Assistant Editor Ryan Bradley's weekly exploration of great global music, in collaboration with Nat Geo Music.
The mercury is beginning to fall in earnest here in New York City. Whenever this happens, I find myself listening to music from cold places—Finland, Sweden, and Iceland, mostly. Iceland especially. So must the good people at NG Music. In the past few weeks, they've posted a review of Emilíana Torrini's new album, Me and Armini, and a bang-up concert video of Björk, bashing a snare drum wth Sigor Rós to their song, "Gobbledigook."
These three bands are Iceland's most popular worldwide, and nicely illustrate the startlingly diverse range of music that comes from this small island nation in the middle of the North Atlantic. There is also great electronica and hardcore metal in Iceland, but for the sake of keeping everyone's ears focused on the cold weather, I'm going to stick to the well-known stuff. It has interesting origins in religious hymns and 1960s rock. The band Trubrot is some kind of starting point. So is the band Voces Thules. Watch them perform Ice and Fire, and then watch Björk and Sigor Rós with Goobledegook. You have right there a nice compression of Icelandic music history in the last two decades/centuries.
Emilíana Torrini: born to an Italian father and Icelandic mother, raised in Reykjavík, made her first album "as a joke" (her words) when she was 17. Her first major record, 2005's Fisherman's Woman, is her best, and I must have listened to it no less than 68 times during one particularly cold Chicago winter. My favorite track is "Heartstopper," but the whole thing is everything a good acoustic confessional album should be: sad, happy, clever, gorgeous.
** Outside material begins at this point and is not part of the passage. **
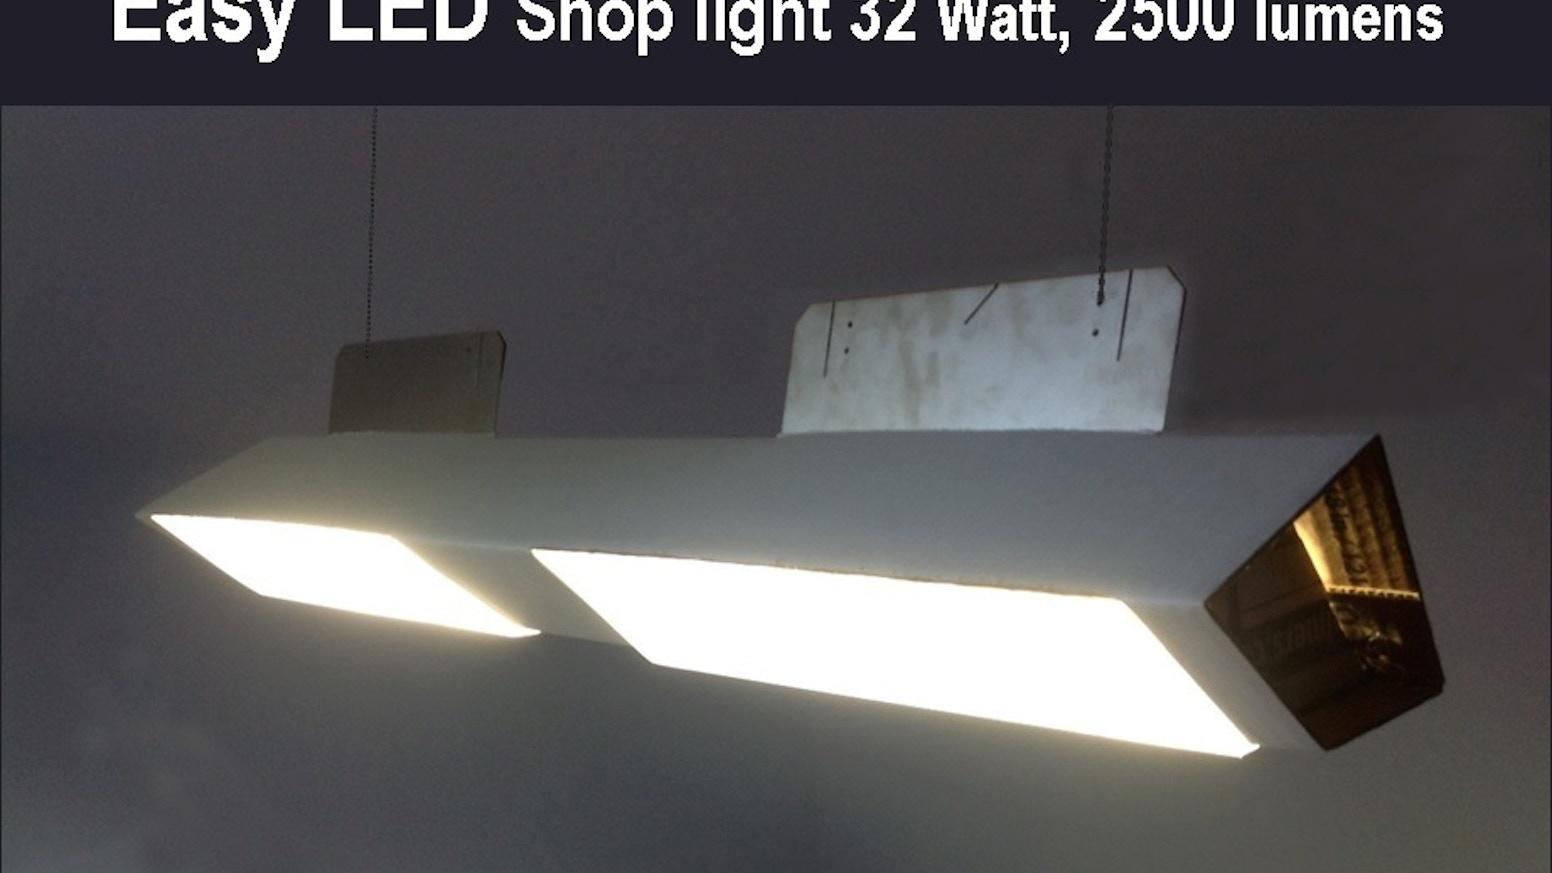 World lamp 32watt led shop light low cost eco friendly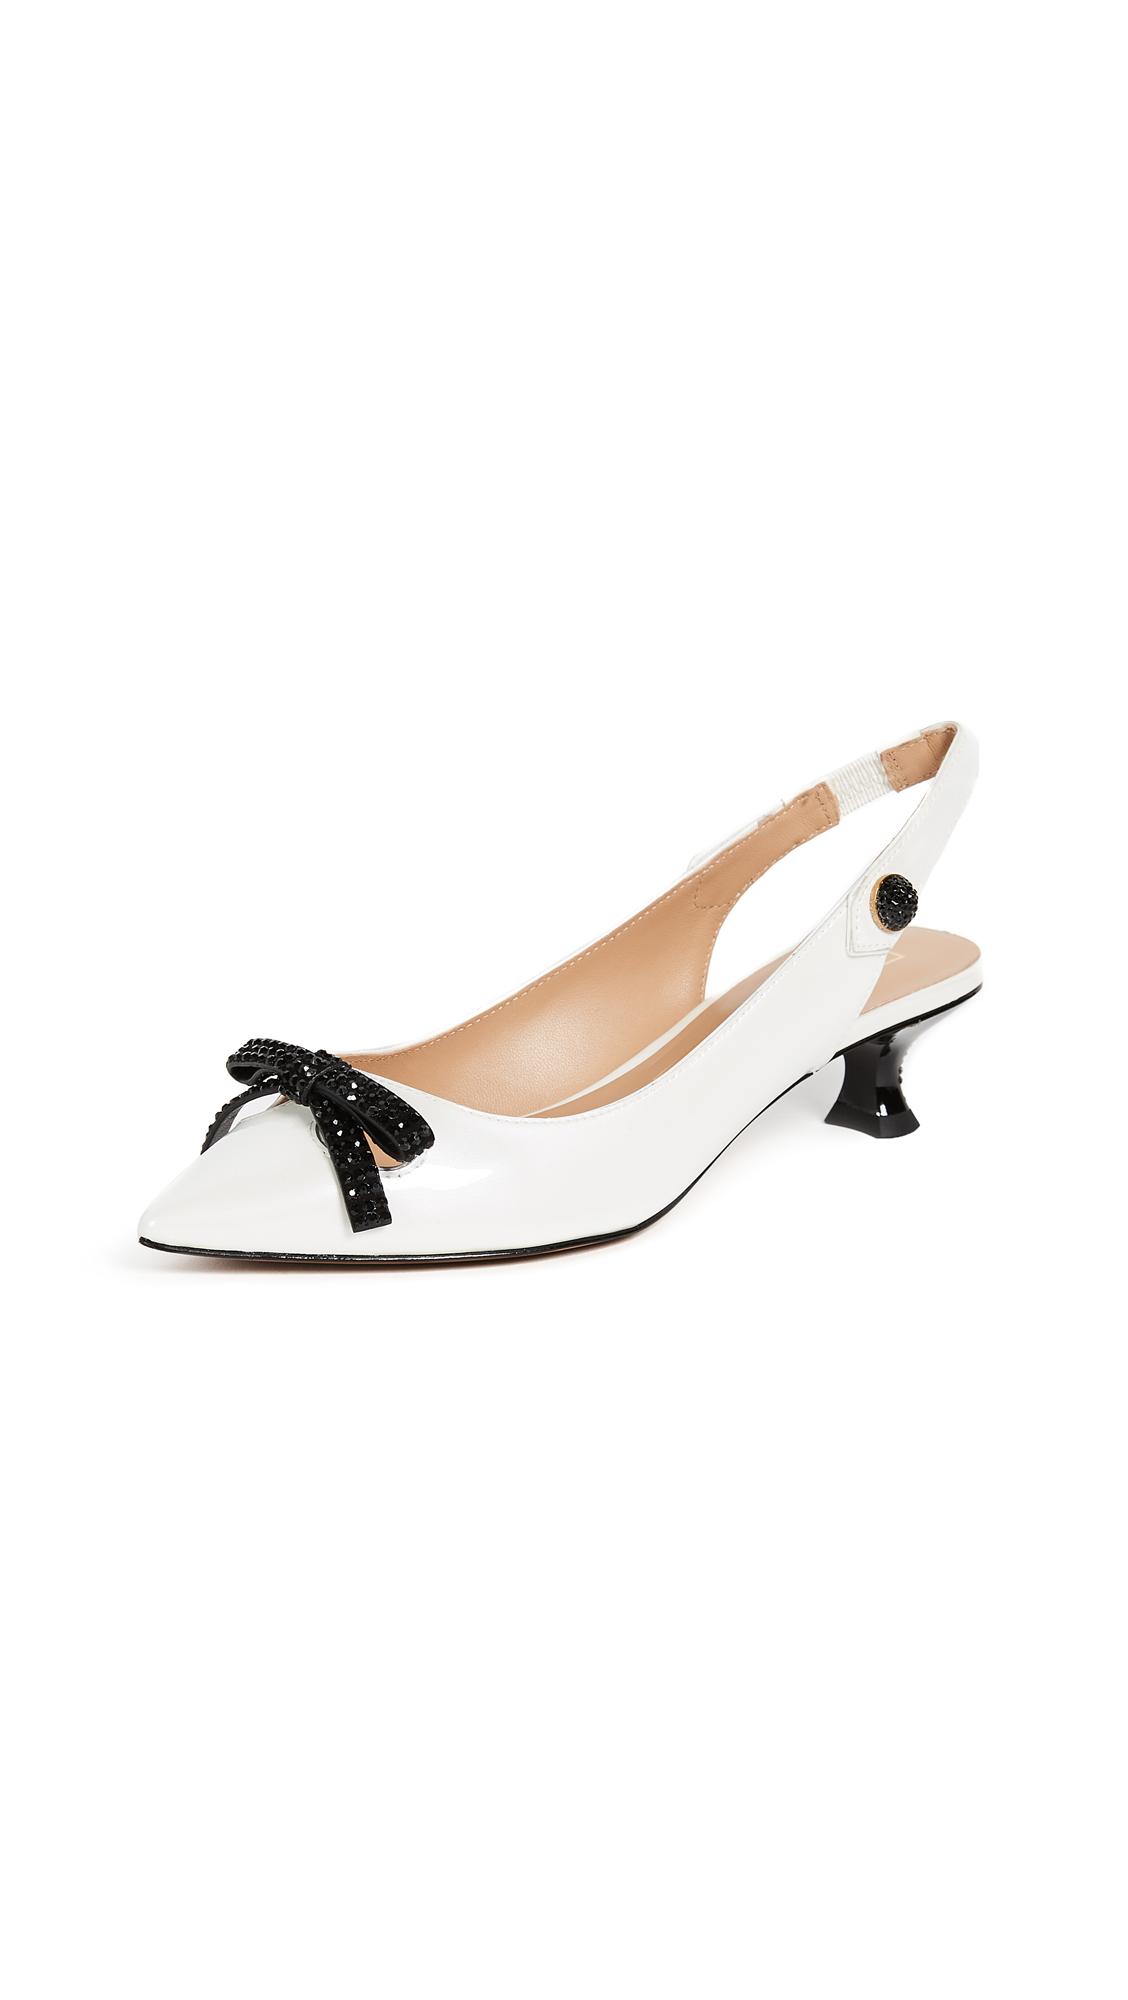 Marc Jacobs Abbey Slingback Pumps - White

Sigor Rós is the only of these three I've had the pleasure of seeing live and—wowie—what a show. There are, technically, only four members of the band but they usually play with more (this year's tour is an exception). They make soaring, orchestral, ethereal music that is, not surprisingly, used in many, many films. If you like Radiohead, I can say with confidence that you will like Sigor Rós.
Björk is, after bad mortgages (zing!), Iceland's biggest export. She's the country's most well-known musician—a musical prodigy on par with Stevie Wonder—and cut her first record at the ripe old age of 11. She's also crazy experimental, and for this she is loved and loathed by many. Listen to her biggest hits ("It's Oh So Quiet," "Army of Me," and "Hyperballad") to get a sense of her ridiculous range and bonkers music videos. And she looks like a wood-nymph and dresses like one, too.
Finally, here is a gem of a piece by recent MacArthur Genius grantee, Alex Ross, on his trip on Reykjavík: Ice Pop. I swear I wrote "startlingly diverse" to describe Iceland's musical range before I read the Ross piece, but I'm glad I am in agreement with a certified Genius.